RDA-MPG Science Workshop on Data Report - Compiled by Bernard Schutz, Leif Laaksonen, Raphael Ritz, Herman Stehouwer, Peter Wittenburg, Rob Baxter
The widespread adoption of the Internet in the 80s was met with scepticism by science as to whether it could truly foster scientific research. Within just a decade, science had fully adopted both the Internet and its various layered infrastructures such as the World-Wide Web, as science understood that the exchange of knowledge, information and data between the rapidly increasing number and types of computers could now be done within seconds, almost seamlessly. It relieved scientists from many time-consuming aspects of traditional communication and exchange channels. Agreement on a few basic principles (node numbering, protocols, registries) at a time where many competitive suggestions were brought forward allowed scientists to shift their attention back to new scientific questions, simply making use of the new facilities rather than trying to invent them.
Currently we seem to be in a comparable situation, where the number and complexity of data exceeds our abilities to deal with them manually or through traditional means such as file systems. Fragmentation within disciplines, across disciplines and often across organizational boundaries (projects, institutes, states) is increasing rather than decreasing, and in many scientific domains the amount of time needed to manage and manipulate data to make them re-usable has become intolerable without support from new, highly automated processes. These trends with respect to data in science and beyond require new approaches to our management of data in the coming decades. Hence the Research Data Alliance (RDA), an initiative inspired by the Internet Engineering Taskforce, started, like the IETF, as a grass-roots, bottom-up organization designed to come up with formal agreements, specifications, running code – by data practitioners, for data practitioners.

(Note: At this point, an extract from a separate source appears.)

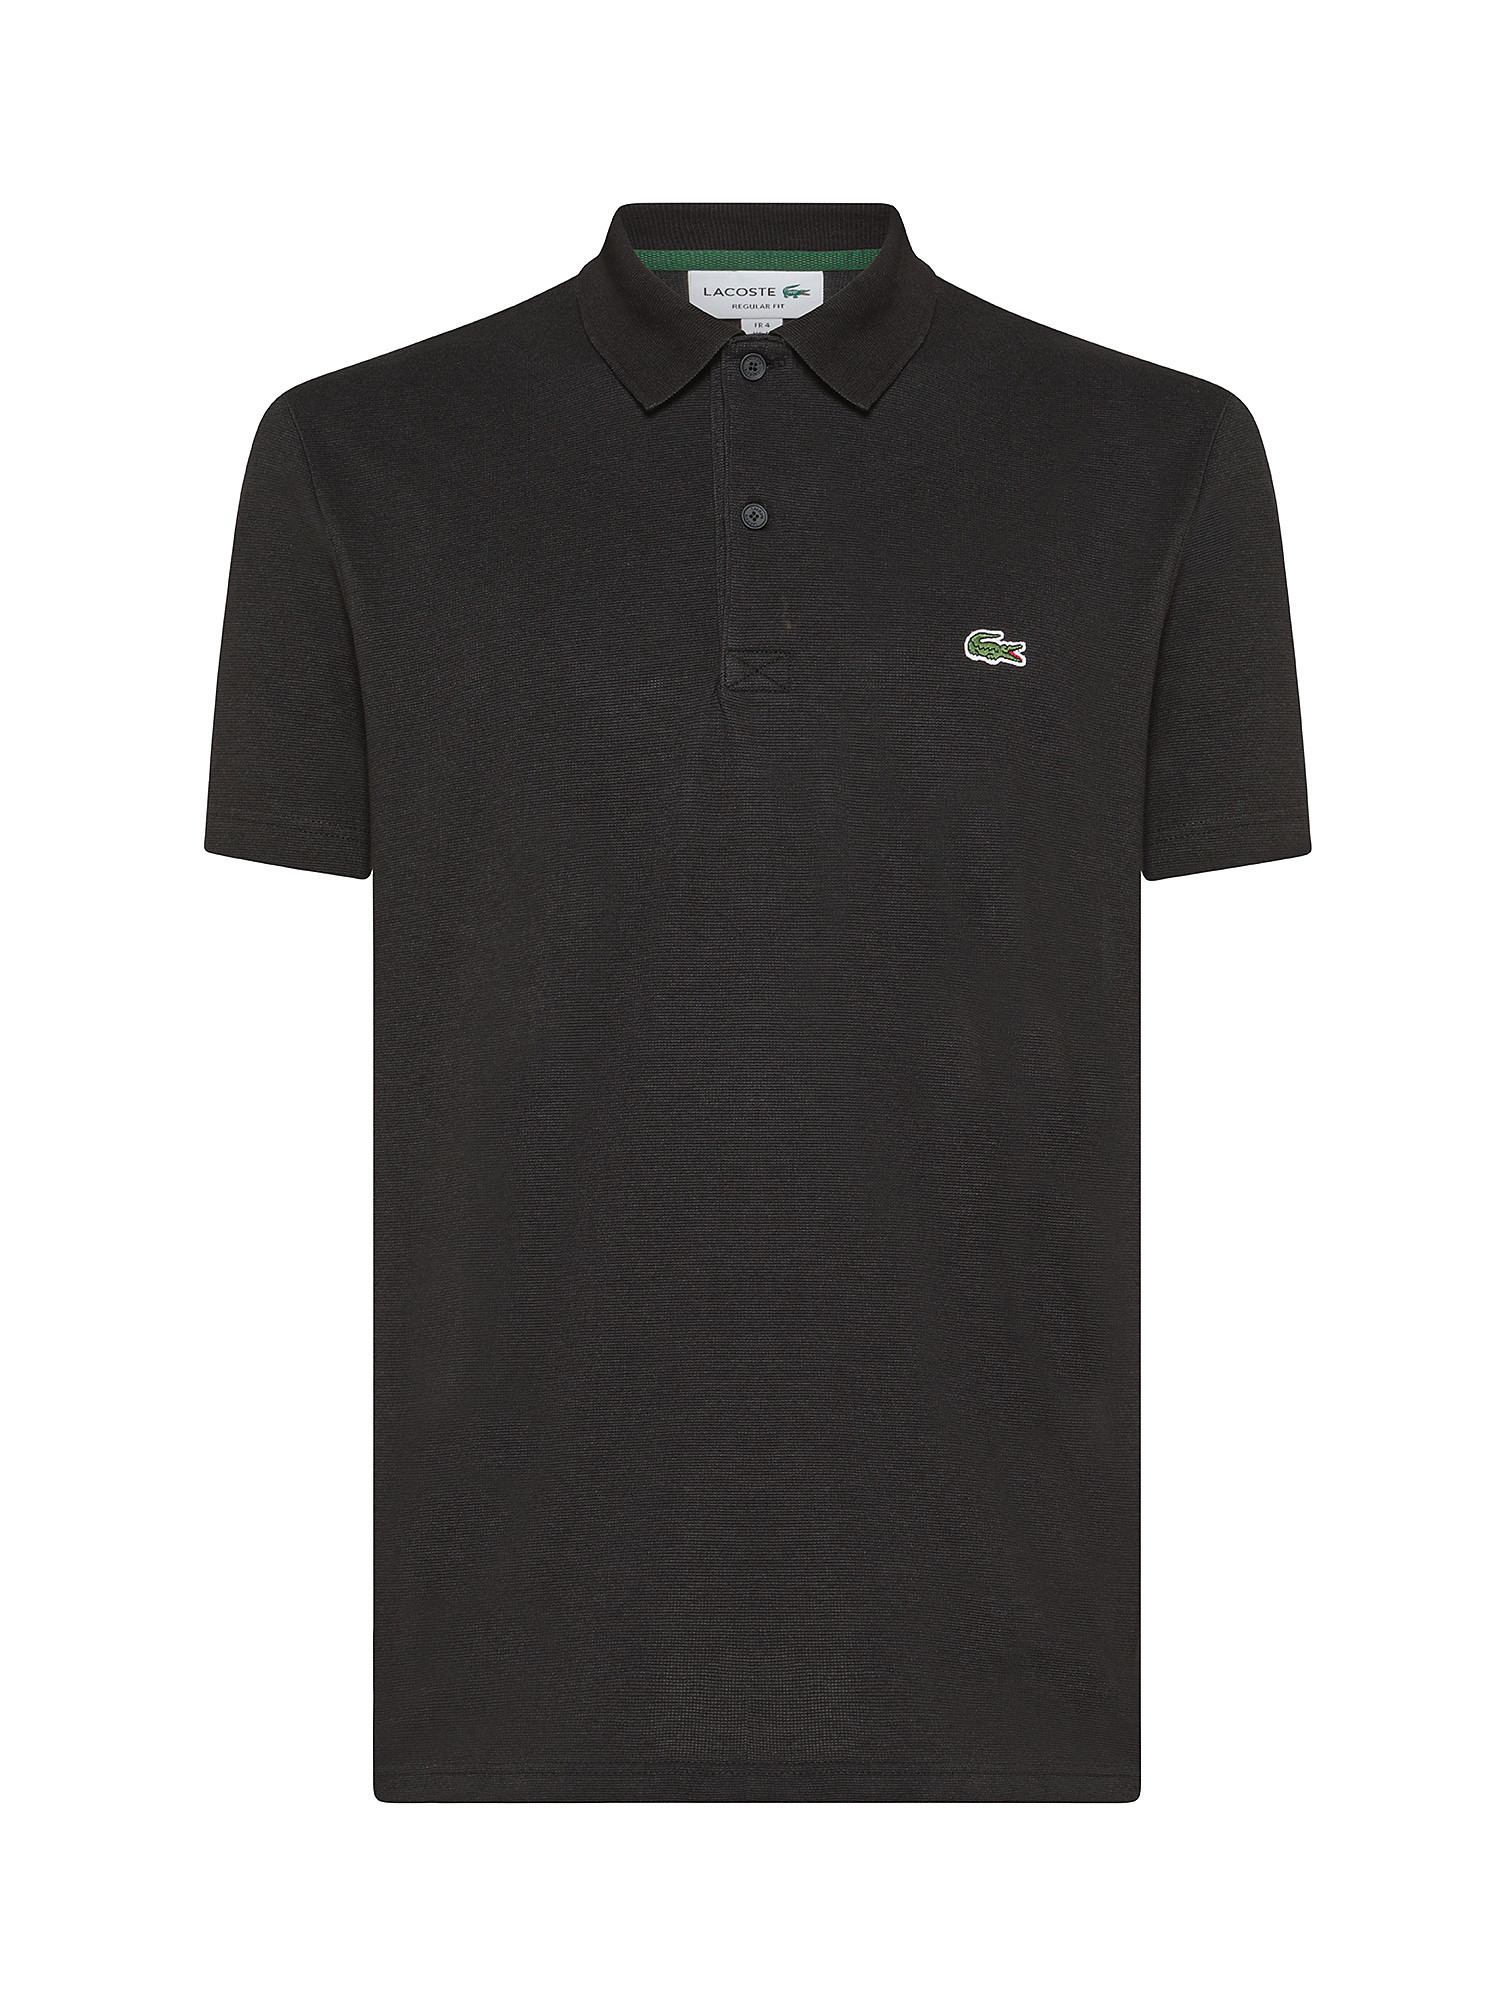 Lacoste - Regular fit stretch polo, Black, large image number 0

The RDA-MPG workshop on Scientific Data brought together a number of leading European scientists and other experts to discuss current points of concern in the context of research data 10-11 February 2014 at the Max Planck Society headquarters in Munich. The main objectives were to discuss whether the participants see a role for the Research Data Alliance (RDA) in their daily activities, what the science community’s expectations might be, and whether the RDA roadmap needs to adapt to meet those expectations. The context of the Workshop was set by a number of questions covering scientific concerns, data sharing & publishing, stakeholder aspects, data infrastructures, technological trends and aspects of data science education.
The outcomes of the Workshop discussions are classified under a number of headings – data sharing and re-use, publishing and citing data, infrastructures and repositories, and general observations on the nature of the research data challenge we face today. The discussions culminated in a number of recommendations for RDA to consider:
- RDA can play an important role if it is able to come up with recommendations, API specifications, guidelines, etc. that help to overcome the many one-shot, point solutions currently being implemented and hence make infrastructure building more cost-effective.
- RDA must indeed be a bottom-up organization, and needs to strike the right balance between a better balance between bottom-up and its current, rather top-heavy, state.
- RDA must motivate a “middle layer” of data scientists and to get engaged, rather than hope for too much engagement from leading researchers.
- RDA must be aware that it may find itself in a race towards specifications and solutions with big commercial players who may win with de facto standards, simply because they arrive first.
- Expectations RDA has to meet:
- Invest in training younger generations of data scientists.
- Push demo projects, act as a clearing house and should be able to give advice on data management, access and re-use to everyone in research.
- Have data experts who can visit institutes and help them implement solutions.
- Perform good quality assessment on the first working-group results due in September 2014, and take care to not fall into the trap of overselling.